The European Securities and Markets Authority Publishes Its 2026 Work Programme
The European Securities and Markets Authority (ESMA) published its 2026 Work Programme on October 3. According to the 2026 Work Programme, ESMA will focus on delivering core policy and supervisory mandates while contributing to reform efforts to further the integration, accessibility, and innovativeness of EU capital markets. This will involve supporting the implementation of the Savings and Investments Union (SIU) by pursuing further supervisory convergence with Member States, enhancing market data capabilities, and “actively contributing to upcoming reforms.” In addition, ESMA also intends to prioritize projects intended to drive market integration and innovation through the use of data. Key projects in 2026 will include the rollout of the ESMA Data Platform, the development of AI-powered supervisory tools, and the European Single Access Point (ESAP).
ESMA Publishes Report on the Functioning of EU Carbon Markets
ESMA published a report on the functioning of EU carbon markets on October 22. Based on 2024 data, the ESMA report does not identify any significant issue in the integrity and transparency of EU carbon markets. According to the report, emission allowance auctions and secondary market trading dynamics remain largely unchanged.

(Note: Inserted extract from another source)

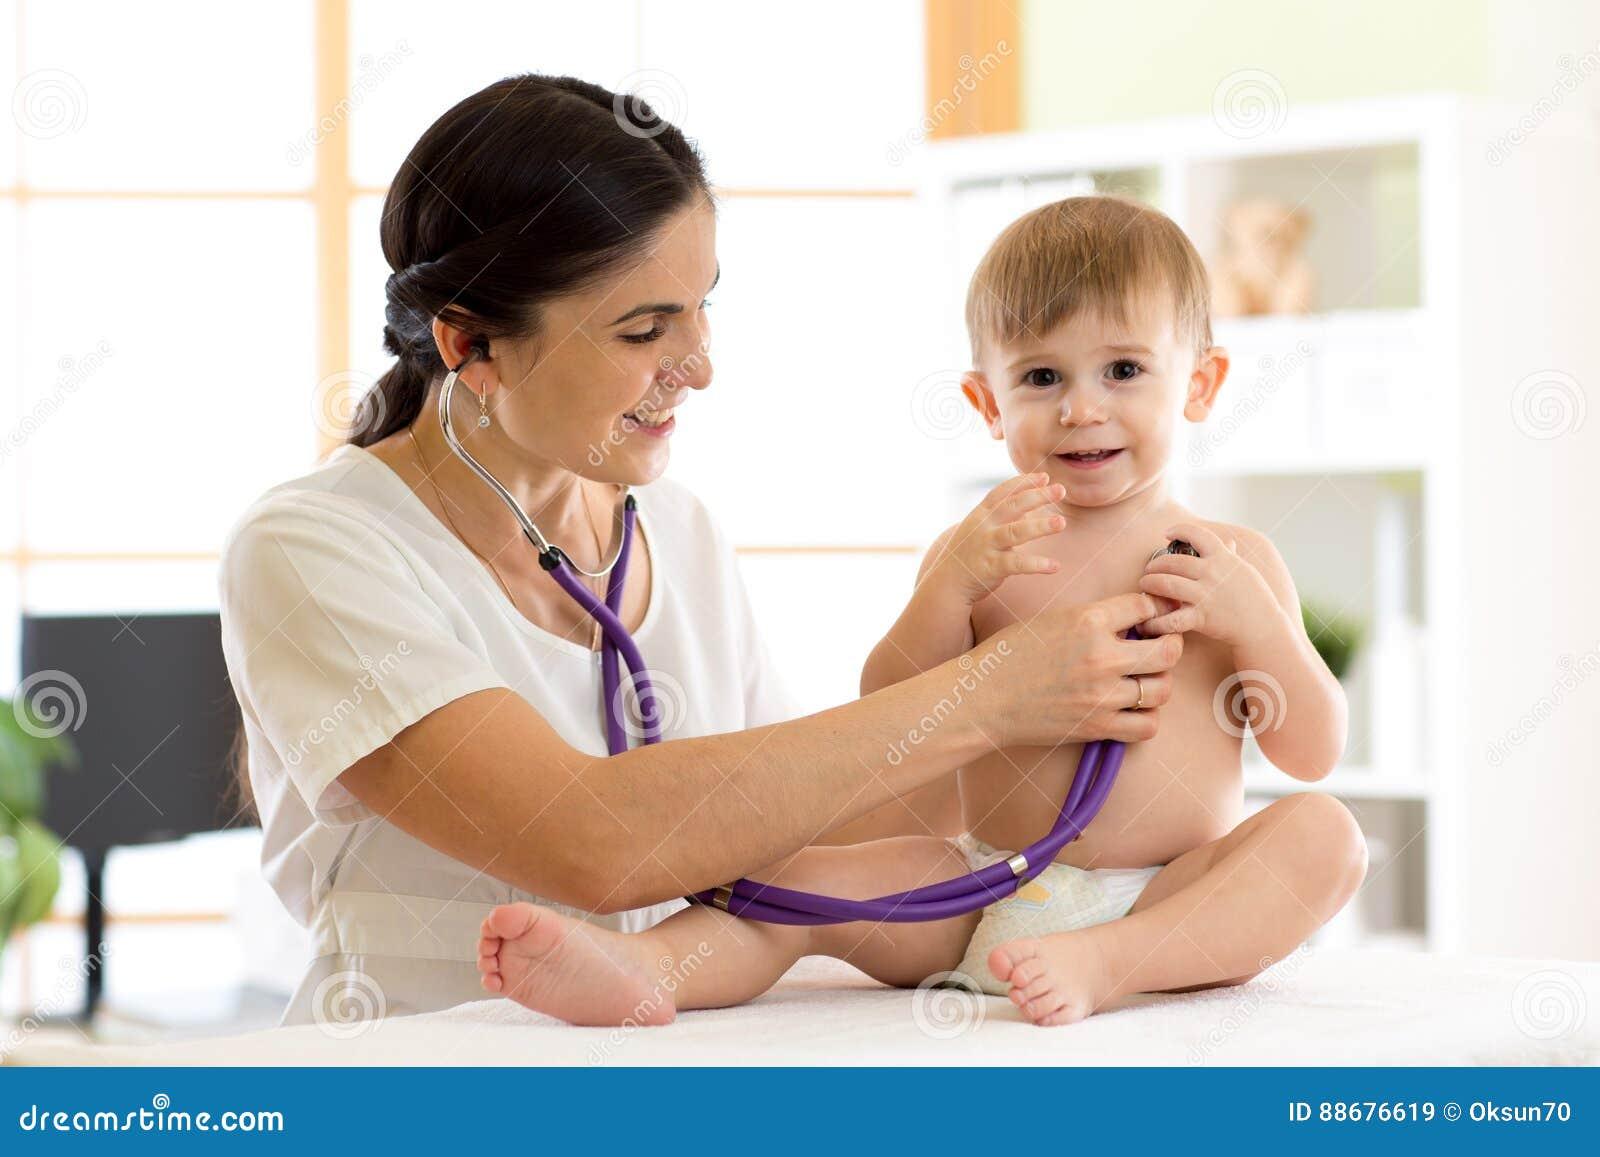 Female Doctor Examining Kid Little Child Stock Photo (Edit

ESMA Announces 2025 European Common Enforcement Priorities and the Results of Fact-Finding on Materiality Considerations in Sustainability Reporting
ESMA outlined on October 14 the European Common Enforcement Priorities (ECEP) for the 2025 annual financial reports of listed issuers. In the ECEP, ESMA has indicated that issuers should focus on a variety of disclosures in their 2025 annual financial reports. Specifically, in their IFRS financial statements, ESMA has asked issuers to pay particular attention to geopolitical risks and uncertainties and segment reporting. In their sustainability statements, ESMA has indicated that issuers should account for materiality considerations in reporting under the European Sustainability Reporting Standards (ESRS), as well as the scope and structure of their sustainability statements. Finally, in ESEF digital reporting, issuers should avoid common ESEF filing errors found in the Statement of Cash Flows.
In addition, ESMA has published the outcome of its fact-finding exercise on the 2024 corporate sustainability reporting practices of European issuers under ESRS Set 1. The report examines disclosures under the double materiality assessment process.
The European Insurance and Occupational Pensions Authority Publishes New Guidelines to Promote Diversity on (Re)Insurers’ Boards
The European Insurance and Occupational Pensions Authority (EIOPA) published new Guidelines on October 14 about diversity considerations for (re)insurance undertakings. The new Guidelines, which (re)insurers should take into account when selecting members of their administrative, management, and supervisory bodies (AMSBs), were issued following recent amendments to the Solvency II Directive that aim to promote diversity among entities’ decision-makers. The Guidelines aim to promote diversity in the composition of senior function holders on the basis of their education and professional background, age, gender, and geographical origin and set quantitative objectives related to gender balance. The Guidelines will apply as of January 30, 2027.
The ESMA Publishes Final Regulatory Technical Standards under the EU ESG Ratings Regulation and the EU Green Bond Standard Regulation
The ESMA published final Regulatory Technical Standards (RTS) under the EU ESG Ratings Regulation on October 15. The final RTS set out requirements for ESG ratings providers with respect to conflicts of interest; separation of business; and methodological disclosures to the public, ratings users, and the issuers subject to the ratings. When compared to the initial draft RTS published on May 2, ESMA has appeared to soften the final RTS significantly by reducing the granularity of information that ESG rating providers must include in their application for authorization or recognition, and in their methodological disclosures. In addition, final provisions on conflicts of interest and the separation of business provide for more flexibility than originally proposed.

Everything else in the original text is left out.